Security implementation

  • Security is achieved through the Spring interceptor
  • Add intercepts as required

use

Provides two interfaces:

*/@ResponseBody@GetMapping(value = "/realUrl/{token}") public ResponseEntity realUrl(@pathVariable String)  token) { ..... } /** * upload file */@ResponseBody@PostMapping(value = {"/partupload/{group}"}) public ResponseEntity upload(HttpServletRequest request, @PathVariable String group) { ..... }Copy the code
  • Upload files through the Upload interface and upload files in fragments

  • After the upload is complete, the upload result is returned as follows:

    { “code”: 1, “message”: “maps.mp4”, “token”: “key_286400710002612”, “group”: “GROUP1”, “fileType”: “VIDEO”, “filePath”: “Www.abc.com/15561725229…” }

  • Where filePath is the original filePath

  • Through the token, the realUrl interface can be used to obtain the converted file information. The structure is as follows:

    {“token”: “key_282816586380196”, “group”: “SHILU”, “fileType”: “IMAGE”, “filePath”: “www.abc.com/SHILU/1/155…” , “convertFileInfoList”: [ { “fileLength”: 0, “fileType”: “IMAGE”, “filePath”: null, “imgPaths”: [“www.abc.com/SHILU/1/155… “]]}

configuration

Fileupload.server. name=http://www.abc.com## libreoffice home Office. The home = / snap/libreoffice / # 115 / lib/libreoffice file upload save the path fileupload. Upload. The root = / home/files # # dynamic configuration file server configuration, Cut the figure of 100 * 200 fileupload. Config. ImageConfigList [0]. Group = group1 fileupload. Config. ImageConfigList [0]. Width = 100 Fileupload. Config. ImageConfigList [0]. Height = 200 # # video configuration default configuration, Convert m3u8 fileupload. Config. VideoConfigList [0]. Group = group1 # conversion webm, Cut to figure 3 seconds fileupload. Config. VideoConfigList [1]. The group = group2. Fileupload config. VideoConfigList [1]. The type = webm Fileupload. Config. VideoConfigList [1]. FrameSecondList [0] = 3 # office configuration, Turn the default PNG fileupload. Config. OfficeConfigList [0]. Group = turn group1 # PDF fileupload. Config. OfficeConfigList [0]. Type = # PDF PDF configuration, Turn the PNG fileupload. Config.

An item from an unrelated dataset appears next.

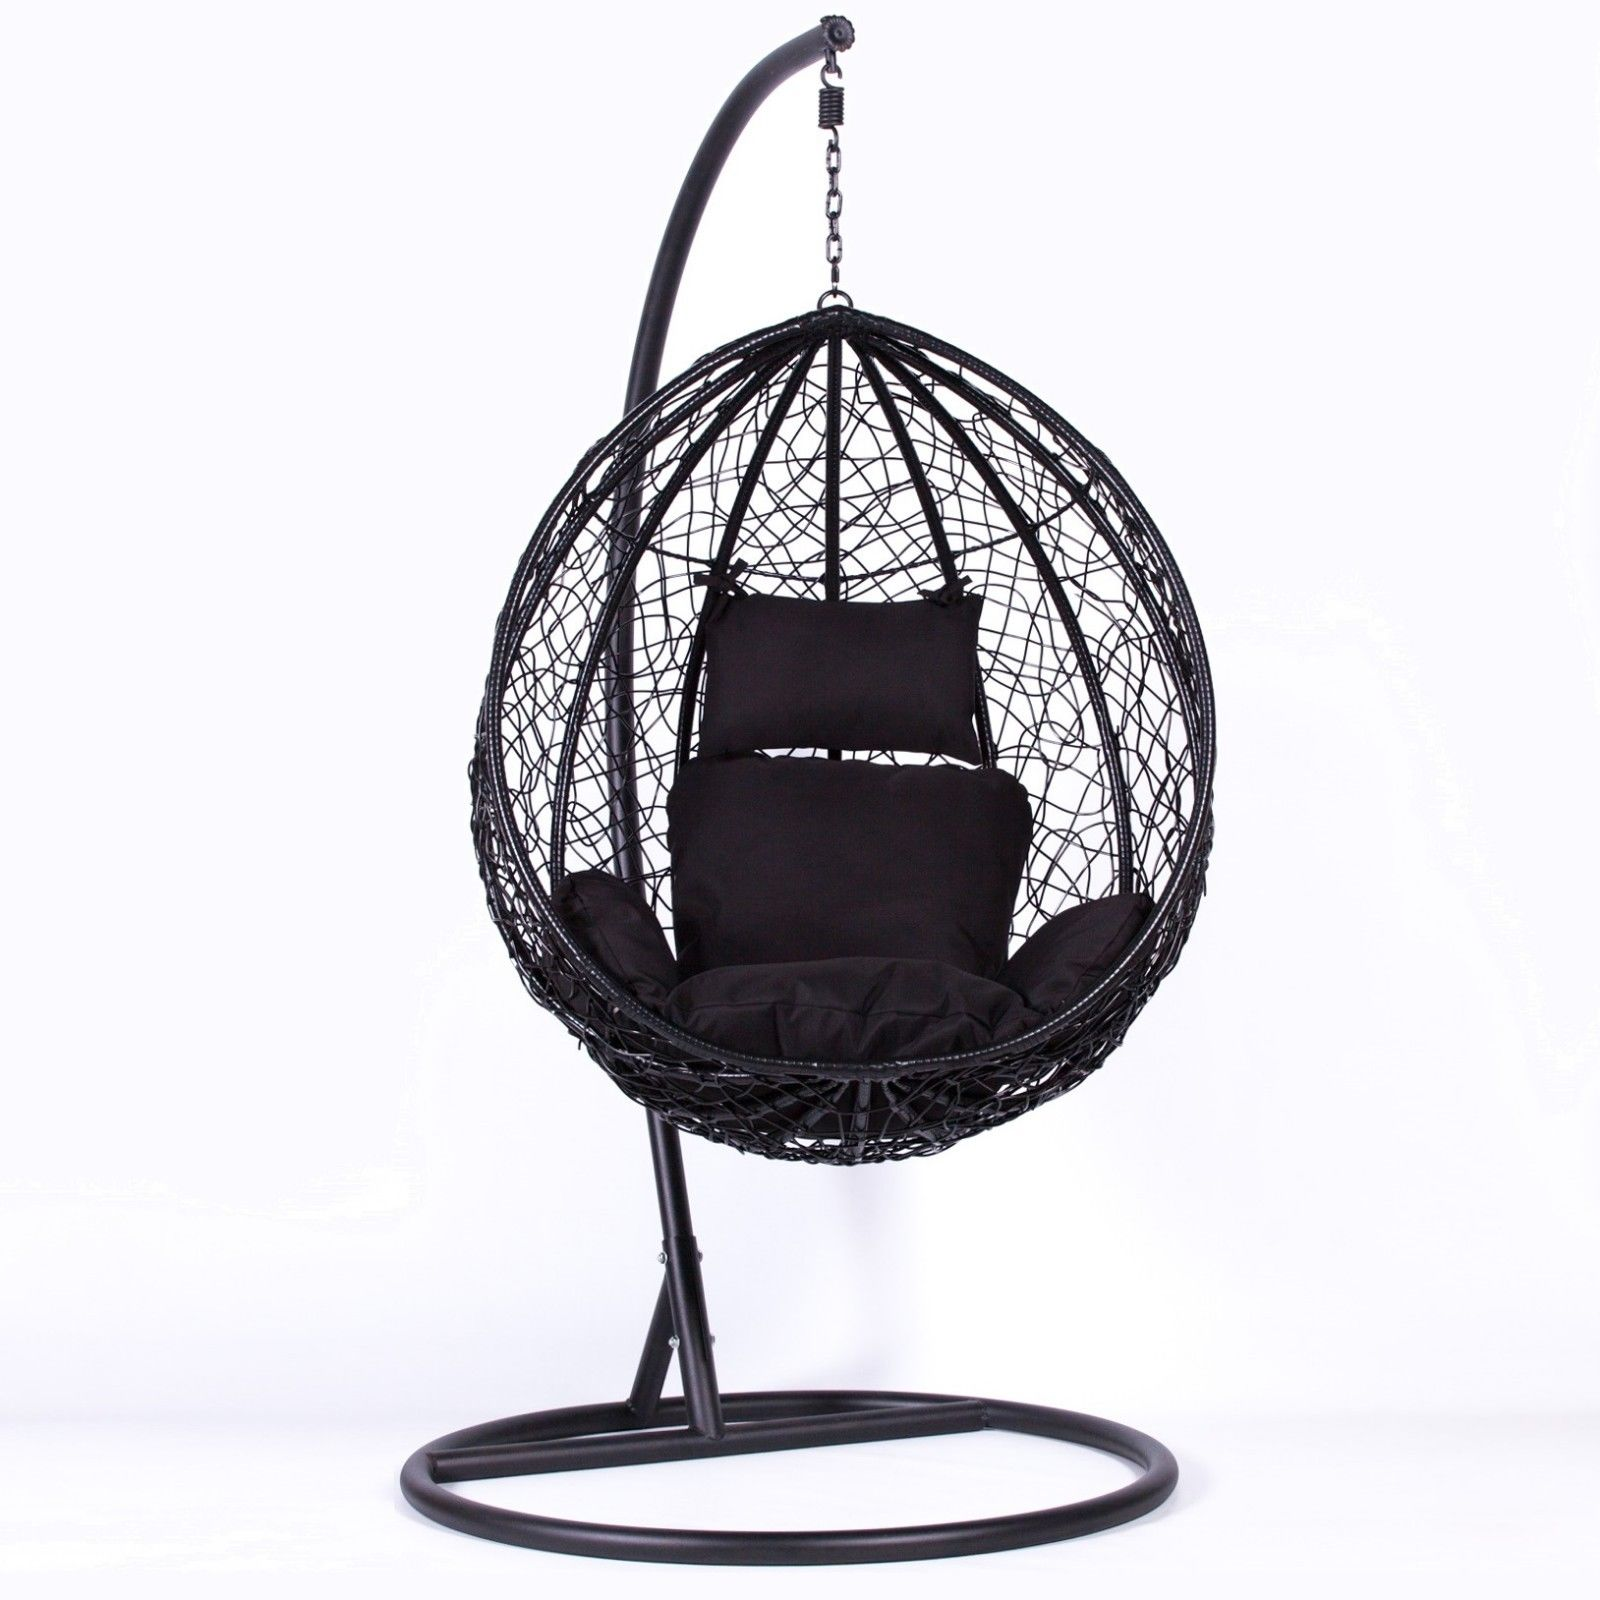 Rattan Black Swing Weave Patio Garden Hanging Egg Chair Furniture La Maison Chic Luxury Interiors

PdfConfigList [0]. Group = group1 # upload file size, Does not support the current end shard upload set when spring. Servlet. Multipart. Max - file - size = 1024 MB spring. Servlet. Multipart. Max - request - size = 1024 MBCopy the code

conclusion

This paper presents a relatively complete architecture design and implementation process of file service. The whole architecture design process is as follows:

  • Sorting out business functions
  • Comb through the use-case flow
  • Based on the business function, the preliminary module division
  • Architecture is designed in conjunction with the use-case flow, and adjustments may be made to the modules and flow in turn
  • Validate the architecture
  • Business process validation: Apply use cases to the architecture for validation
  • Non-functional constraint verification: Simulate non-functional constraint scenarios for verification
  • Technology selection (architecture design is technology agnostic)
  • Follow the architecture design to implement code, test (and possibly adjust the architecture)
  • Complete process verification with instructions

In the whole process, corresponding decisions are made and verified for each constraint. The code structure matches the architectural design perfectly. The code logic can be understood by tracing the architectural design diagram to the diagram.

If there is something wrong or careless, welcome everyone to discuss and advise!